Red flag #3: The email is asking you to open an attachment. Again, a financial institution would not send you an attachment. Rather they might provide you with the steps to locate the important documentation on their trusted and secure website, and not through email. Fraudulent email attachments from people and organizations that you don’t know are especially risky as they can contain malware.

Red flag #4: The email is requesting highly sensitive personal information. It cannot be reiterated enough that a trusted financial institution would never ask you to provide personal information through email. Providing personal information puts you at risk for identity theft which can seriously harm your finances, credit rating, personal and professional relationships and other aspects of your life.

Don’t feel bad if you did not recognize any of these red flags – now you do, and you will be better off because of it. To further protect yourself and your business, take heed of the following tips:

  • Educate yourself and your team about cyber security risks. Take advantage of learning about what the latest risks are and how you can avoid them by participating in free webinars and reading online articles and insights from trusted sources. IT security organizations like McAfee and AVG have loads of useful tips and tricks.
  • Protect yourself against hackers, viruses and other potential security breaches. Get a good antivirus software, create complex passwords (and change them regularly!), and use data encryption technology to further protect sensitive data from being compromised.
  • Create and maintain internal and customer-facing risk management policies and procedures. This will protect you from the inside out, and the outside in. For internal policies that concern employees and business partners, keep access to sensitive data limited, and do background checks if you feel this is necessary.
  • Make all of your customer-related policies and procedures accessible in writing. Include refund, billing and shipping policies, privacy and security policies, etc.
  • Familiarize yourself with the contracts you have with your financial institutions and other business partners. Know your liability in case of losses through fraud and other security breaches.
  • Remove and destroy the hard drives of old computers and devices (don’t merely dispose of them). Also, it’s good practice to shred and properly dispose of paperwork containing sensitive data.
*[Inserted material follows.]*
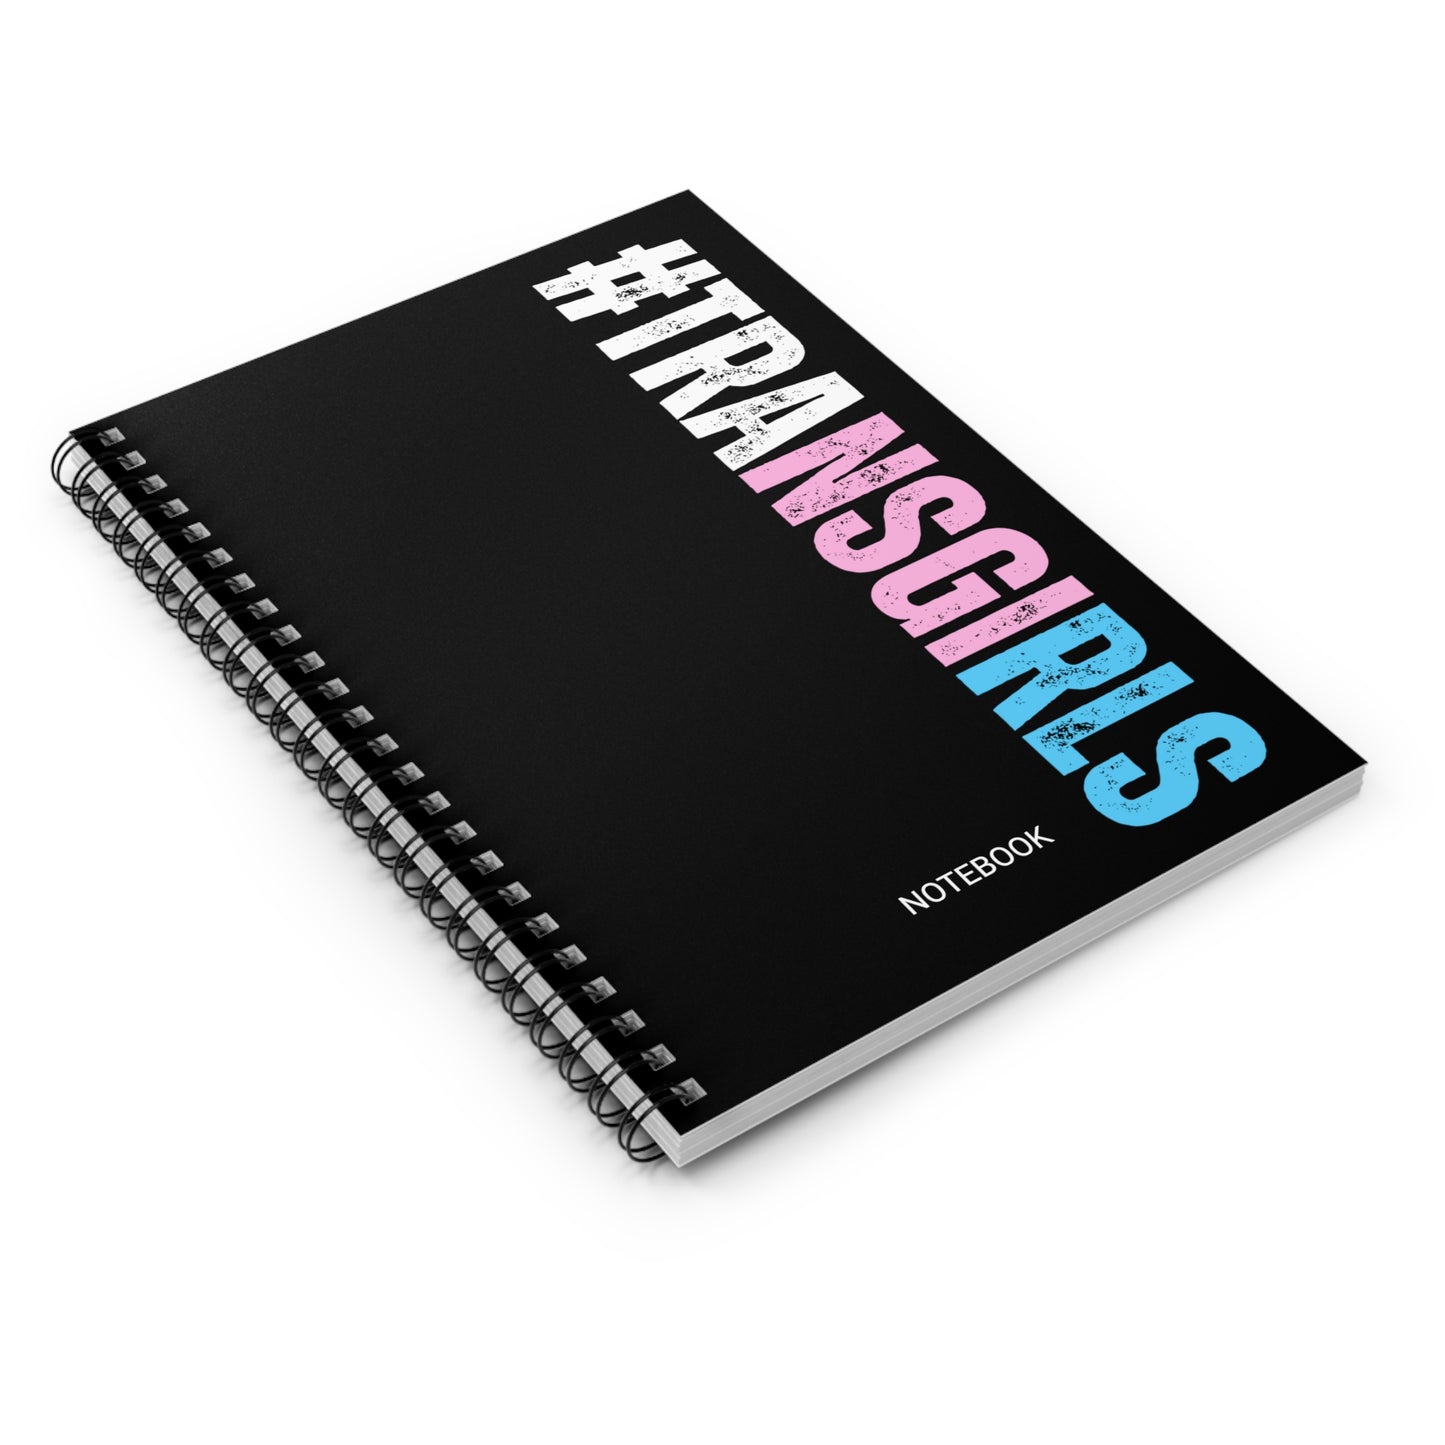 Blue Pink White #TRANSGIRLS Series Black Spiral Notebook

Just because you have a small or medium-sized business does not mean that you are immune to the countless cyber security risks out there. In fact, online predators specifically target smaller businesses because of their lack of knowledge and training on security. By learning everything you can, you are preventing yourself, your assets and your customers from falling prey to the potential threats lurking in your emails. For more tips on securing your e-commerce business, visit the Security Centre of the DalPay Blog and follow us on Facebook and Twitter.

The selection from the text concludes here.